Интеллигент - отнюдь не всякий интеллектуал (кто посмеет назвать Победоносцева интеллигентом?) и отнюдь не обязательно интеллектуал (Чехов пишет об интеллигенции и для интеллигенции). Какой-то минимум образования здесь необходим, но не он решает дело. Порой кажется, что нам явилась тень нашего Отечества, которое тоже "не то, не то", и не Азия, и не Европа, и, к сожалению, не Америка.

Итак, перед нашим взором проходят люди, объединенные не материальными корпоративными интересами (и рабочие, и библиотекари, и профессура, и даже некоторые военные), не духовной жаждой (какая там оборотная религиозность, сгинь, Сергий Булгаков, - и верующие, и неверующие, и народолюбцы и русофобы), не убеждениями (либералы, революционеры, аполитичные барышни), даже не отношением к власти (конформисты, нонконформисты, кухонные храбрецы, малодушные забияки), а чем-то пятым. Наверное это можно назвать не-счастием, отвержением счастья.

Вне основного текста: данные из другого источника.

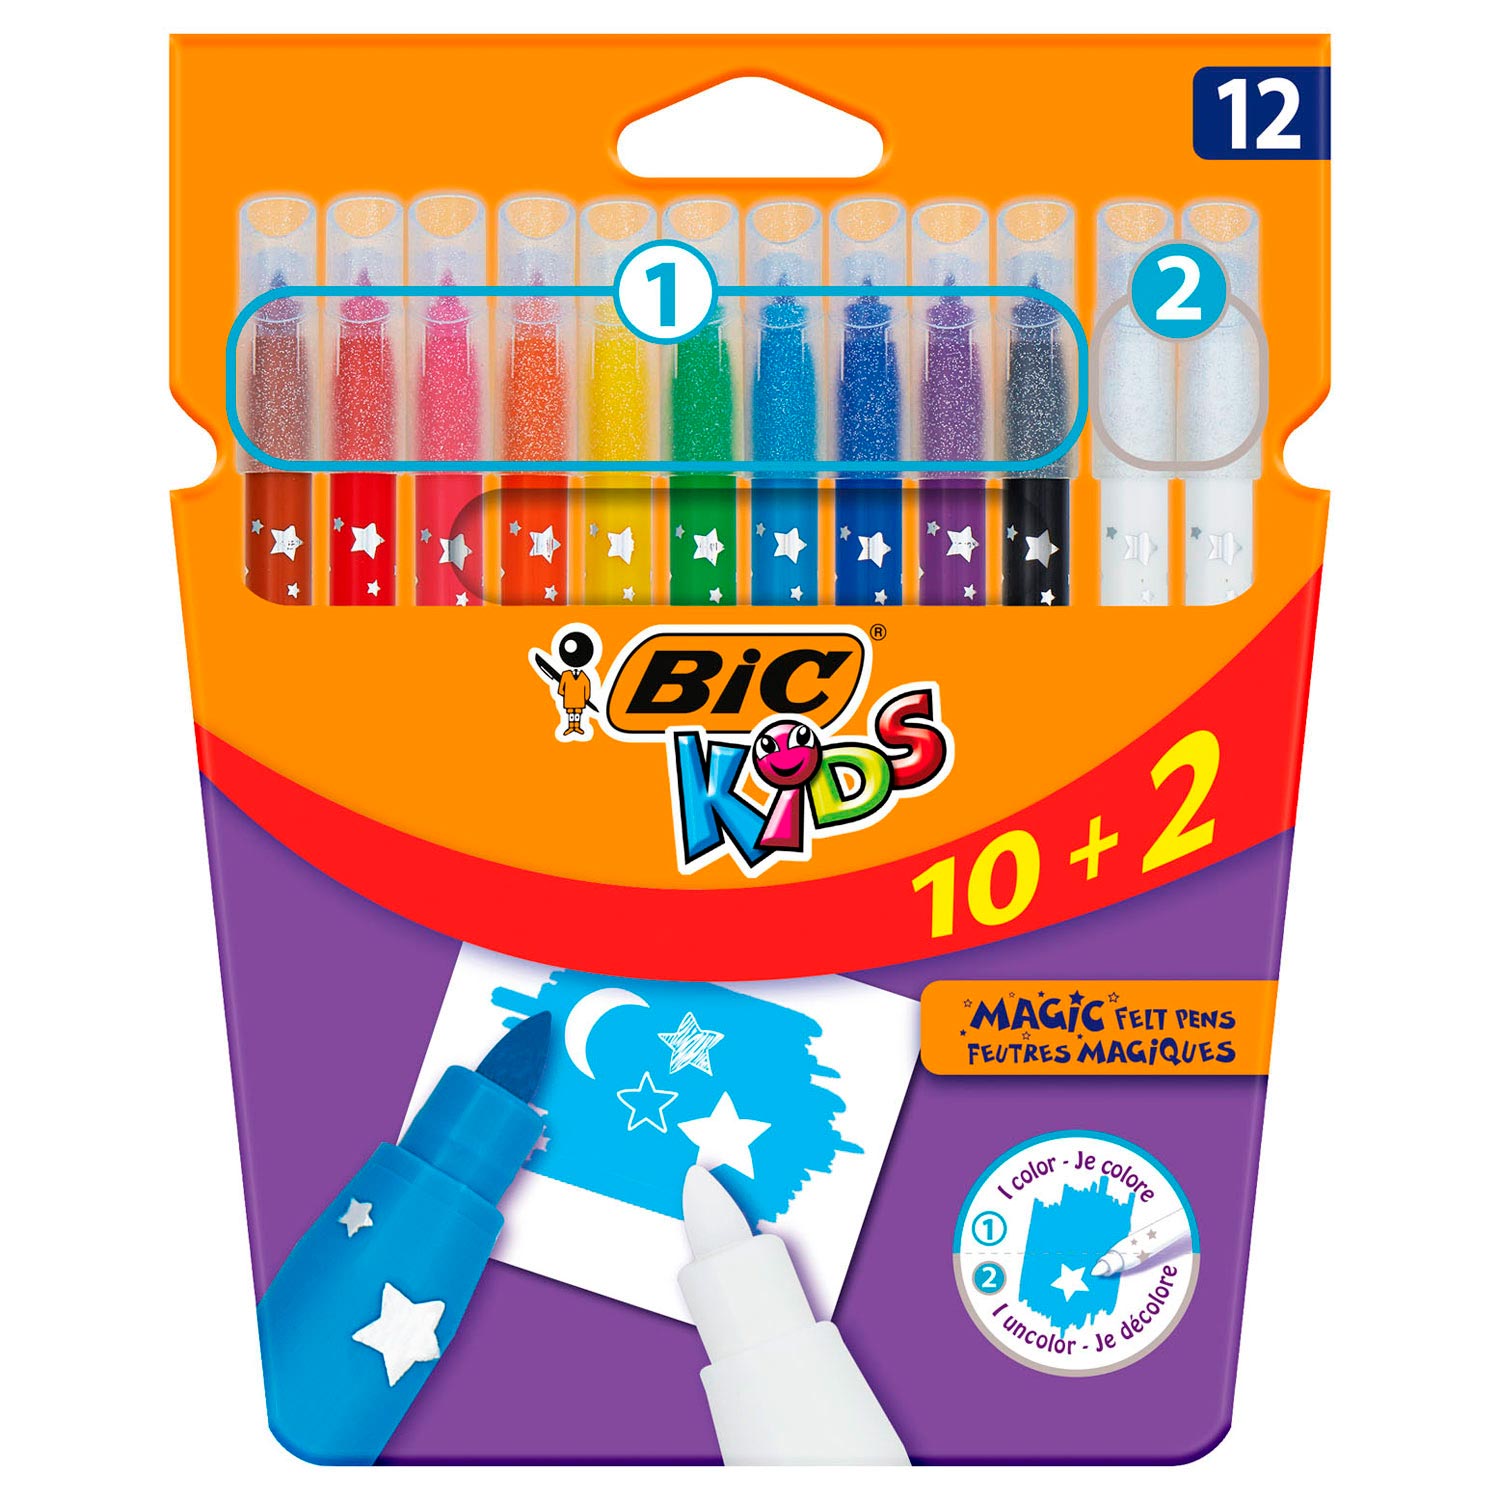 BIC Kids Coloring & Erasing, 10 + 2 gratis

Интеллигент способен достичь успеха, способен без лишних терзаний прозябать на социальном дне, но он искренне убежден, что покой - душевная подлость. Интеллигент может иметь семью и восьмерых детей, может бродить в одиночестве из кабачка в кабачок на протяжении десятков лет, но он знает, что не в этом смысл жизни. Он несчастен, потому что чужд тотальности как страсти, ни к чему не сводит жизнь, расщеплен, в конечном счете одновременно горд и унижен (Розанов - чистый тип). Он не хочет помнить своего интереса, ему знакомы иные дали...

Для борьбы с политическим тоталитаризмом, любой формой деспотии и социального абсурда такая позиция очень удобна. По крайней мере она позволяла уберечь "я" от агрессивных штампов и лозунгов, оставаться чужим не только враждебному каталогу ролей, но собственной роли в нем.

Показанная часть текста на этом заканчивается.